Abstract

Fibrosing cholestatic hepatitis (FCH) is a special variant of the history of infectious hepatitis, with a rapid progressive deterioration of liver function; usually develops in immunosuppression; it has also been reported in immunocompetent patients with viral hepatitis B and C. The diagnosis of FCH is based on histological examination of liver tissue, which reveals the predominance of damage to hepatocytes with their pronounced ballooning over a weak inflammatory reaction, pericellular and perisinusoidal fibrosis, and also intracellular and tubular cholestasis. Analysis of the literature confirms the authors' assumption that pathological changes in the liver, described as FCH, can develop in different conditions under the influence of various infectious agents.

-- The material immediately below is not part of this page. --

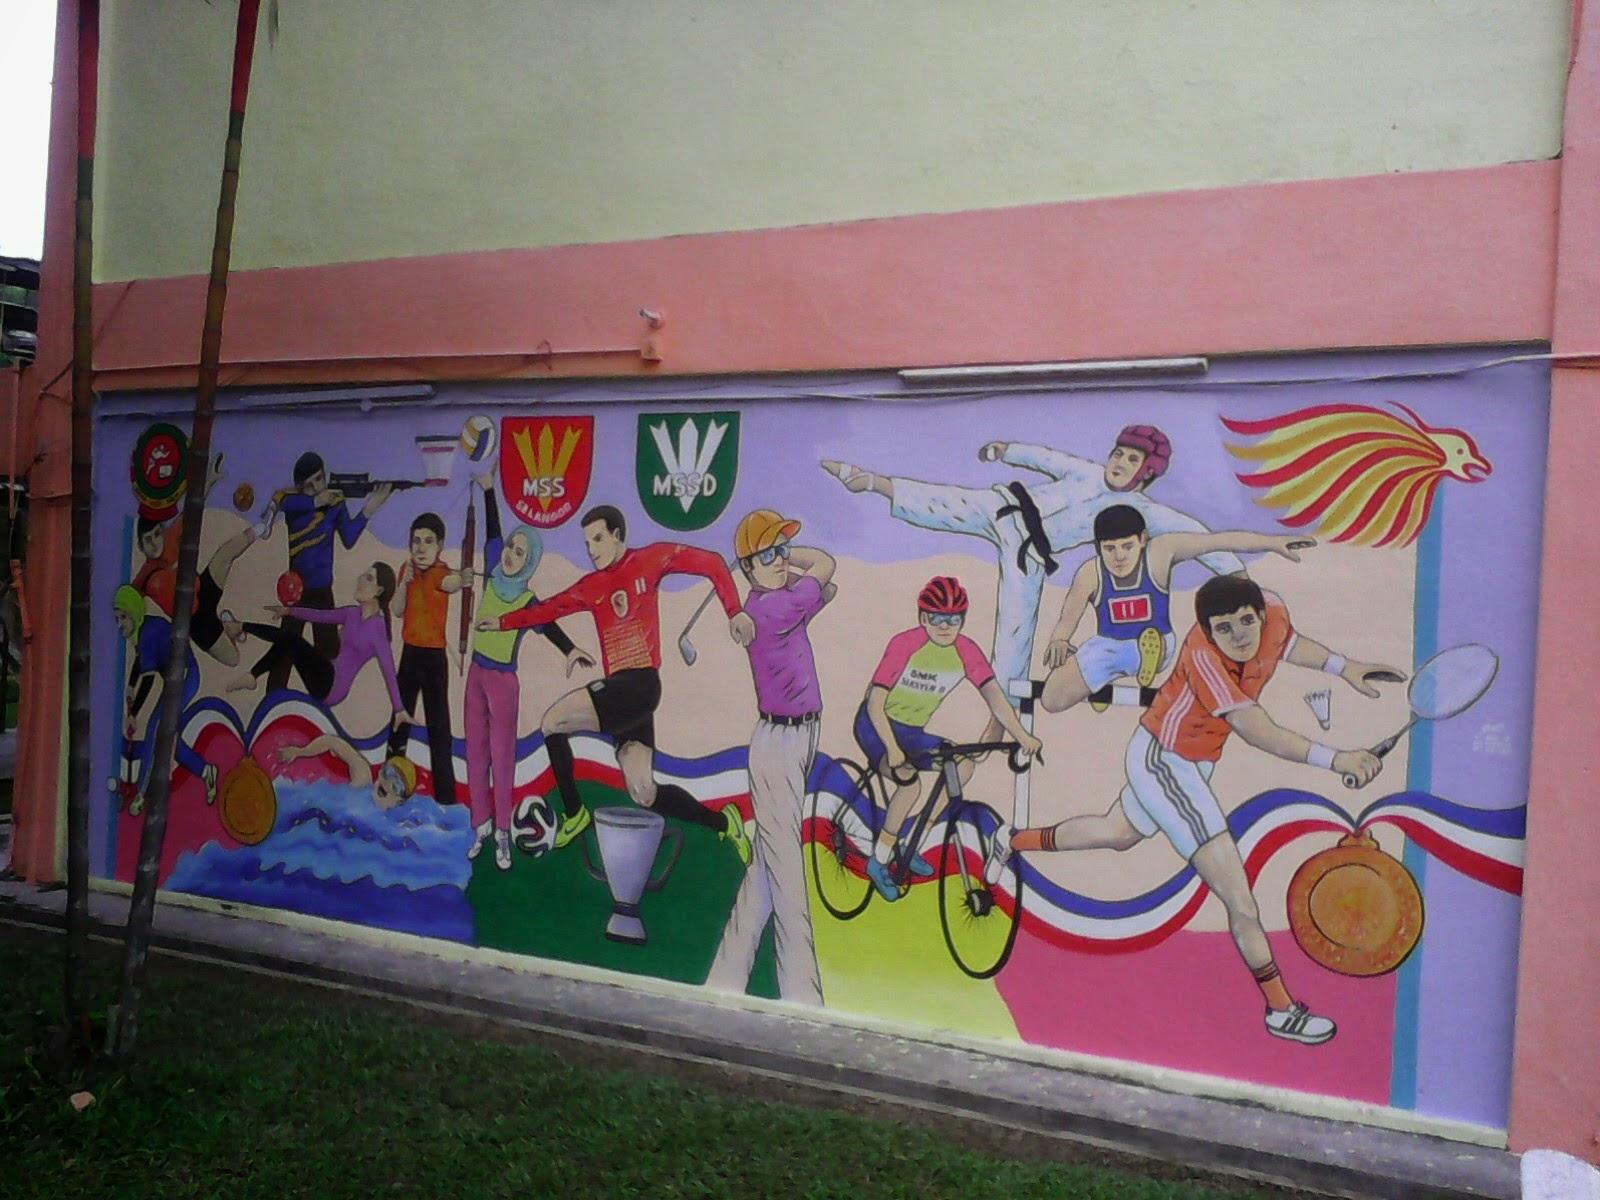 Pin mural sekolah on pinterest for Mural tadika

Despite the availability of effective antiviral therapy for hepatitis B and C, the outcomes of FCH are often unfavorable, especially in cases not associated with solid organ transplantation. Currently, due to the emergence of a large number of drugs that selectively act on the immune system, the development of new areas of medicine in hematology, rheumatology, oncology, transplantology, and infectious diseases, doctors in these specialties are increasingly faced with unexpectedly severe forms of liver damage on specific therapy. The authors believe that there is an underestimation by doctors who do not work at Liver Transplantation Centers of the possibility of developing FCH in patients with viral hepatitis B and C, both in the clinic of infectious and internal diseases.